Department of Home and Territories

Department overview
- Formed: 14 November 1916
- Preceding Department: Department of External Affairs (I) Department of Home Affairs (I);
- Dissolved: 10 December 1928
- Superseding Department: Department of Home Affairs (II) Prime Minister's Department;
- Jurisdiction: Commonwealth of Australia
- Headquarters: Melbourne
- Ministers responsible: Fred Bamford, Minister (1916–1917); Paddy Glynn, Minister (1917–1920); Alexander Poynton, Minister (1920–1921); George Pearce, Minister (1921–1926); Thomas William Glasgow, Minister (1926–1927); Charles Marr, Minister (1927–1928); Neville Howse, Minister (1928); Aubrey Abbott, Minister (1928);
- Department executives: Atlee Hunt, Secretary (1916–1921); John McLaren, Secretary (1921–1928); William Clemens, Secretary (1928);

= Department of Home and Territories =

Australian government department, 1916–1928

The Department of Home and Territories was an Australian government department which existed between November 1916 and December 1928.

==Scope==
Information about the department's functions and government funding allocation could be found in the Administrative Arrangements Orders, the annual Portfolio Budget Statements and in the Department's annual reports.

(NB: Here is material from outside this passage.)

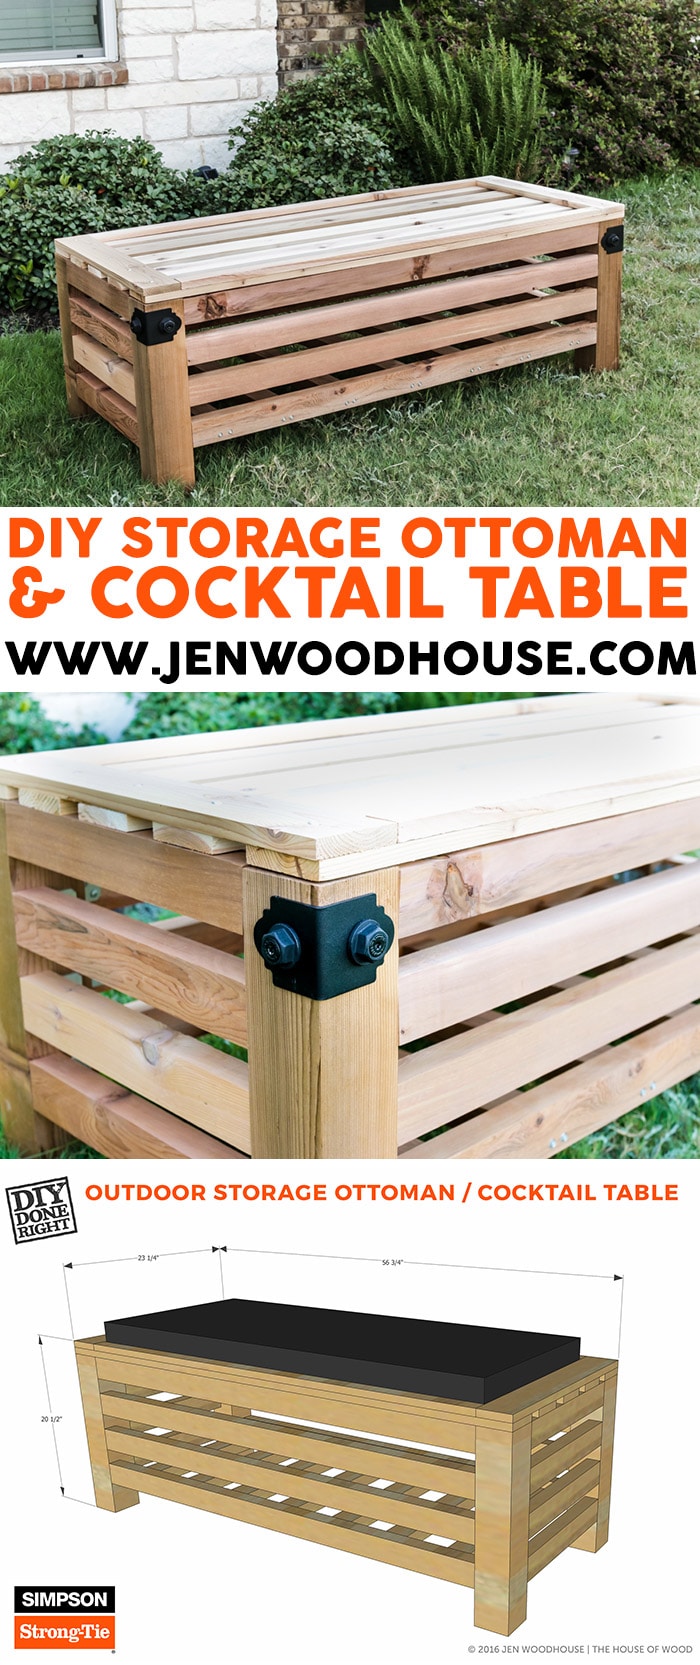 How to build a DIY outdoor storage ottoman and cocktail table - free building plans by Jen Woodhouse!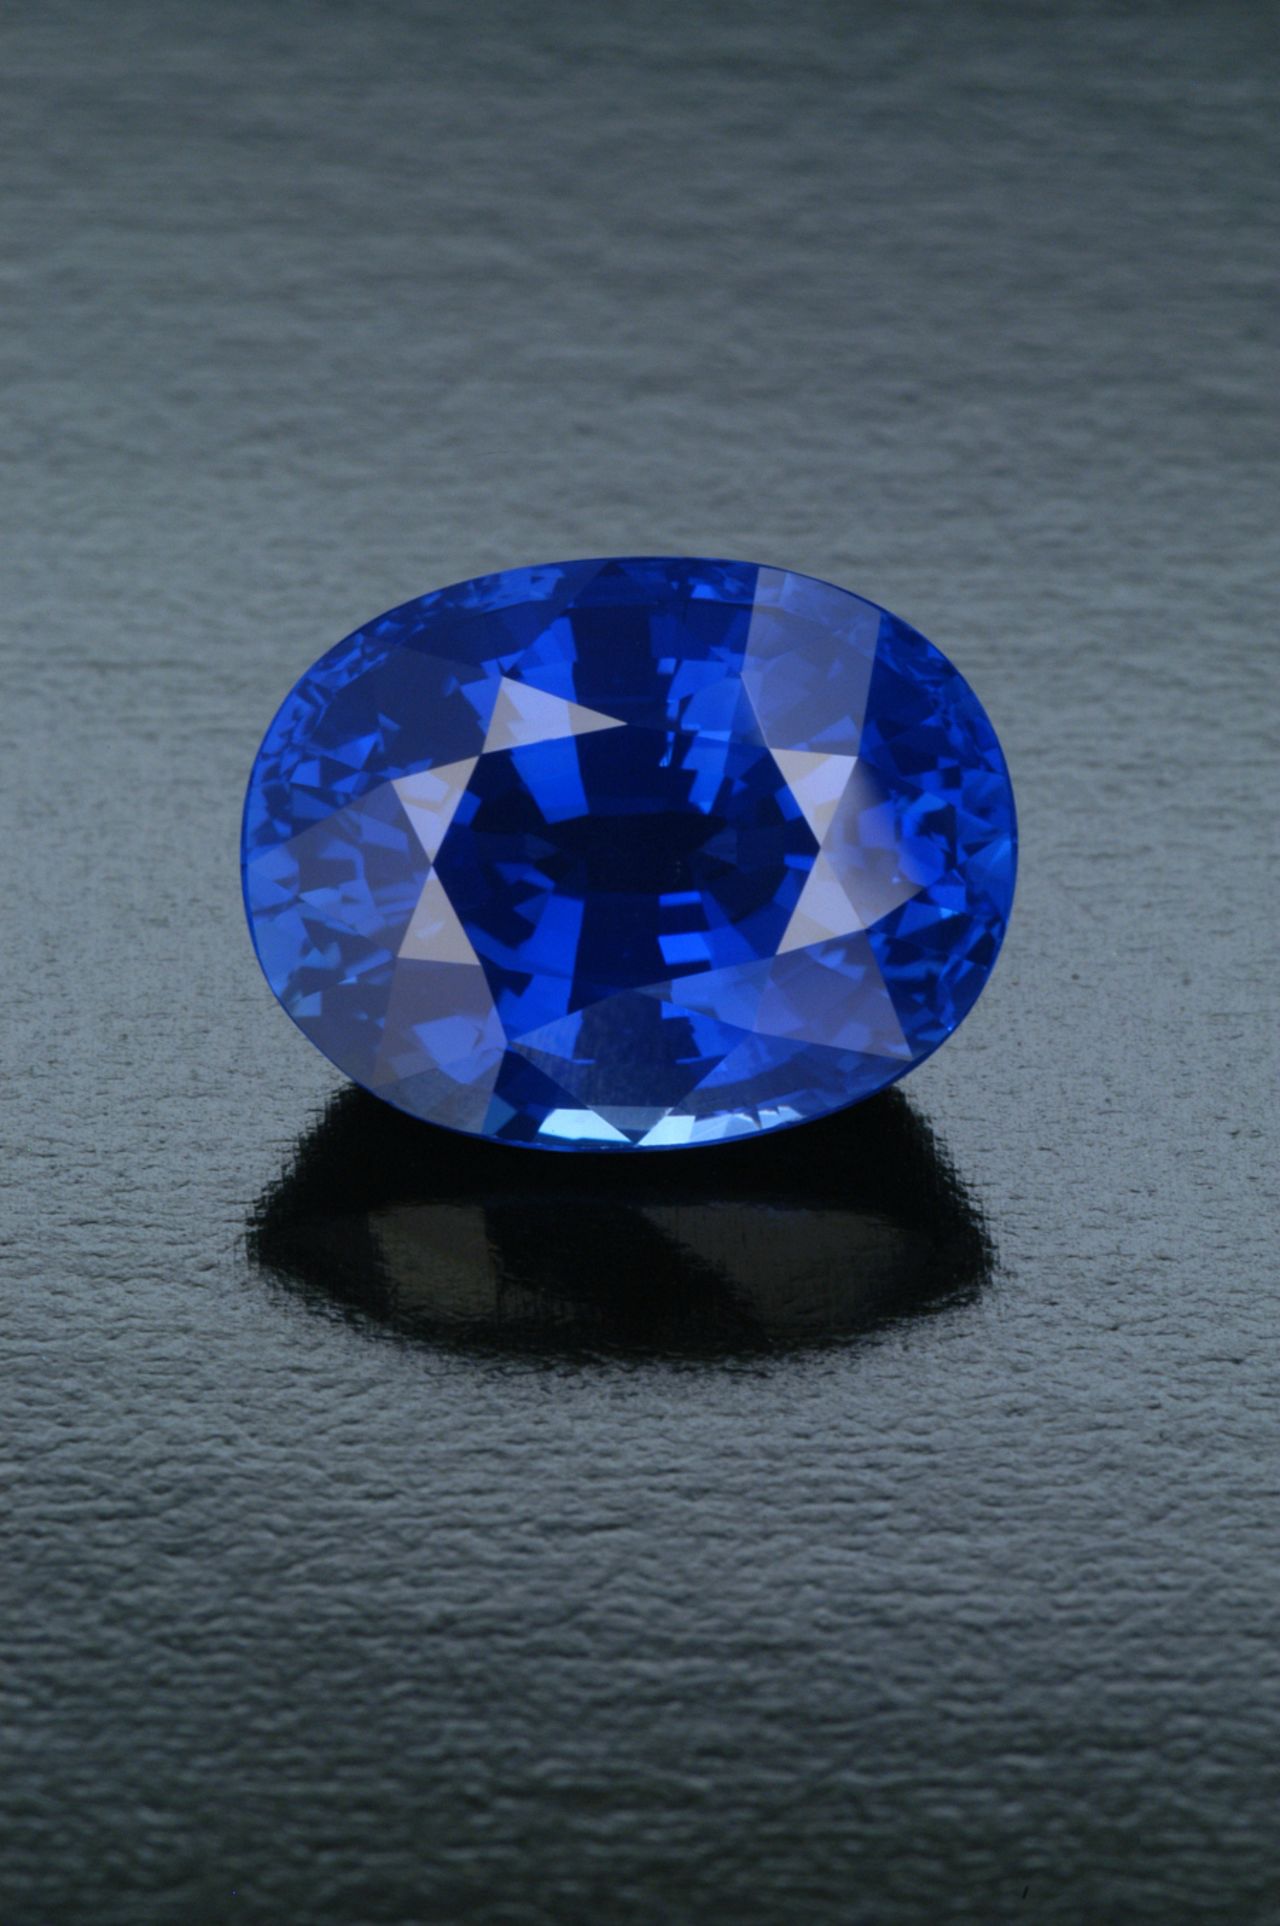 The sapphire is part of the conundrum family and comes in a variety of colors including violet, green, orange, pink and blue. <br /><br />Some of the finest are found in Kashmir, India, with African sources including Nigeria and Madagascar, becoming the leading sources today.

At its creation, the Department dealt with:
- Astronomy
- Census and statistics
- Elections
- Franchise
- Immigration and emigration
- Influx of criminals
- Lands and surveys
- Meteorology
- Naturalization and aliens
- Pearl shelling and trepang fisheries in Australian waters beyond territorial limits
- People of races (other than the Aboriginal races in any state) for whom it is deemed necessary to make special laws
- Seat of government
- Territories forming part of the Commonwealth

==Structure==
The Department was an Australian Public Service department, staffed by officials who were responsible to the Minister for Home and Territories.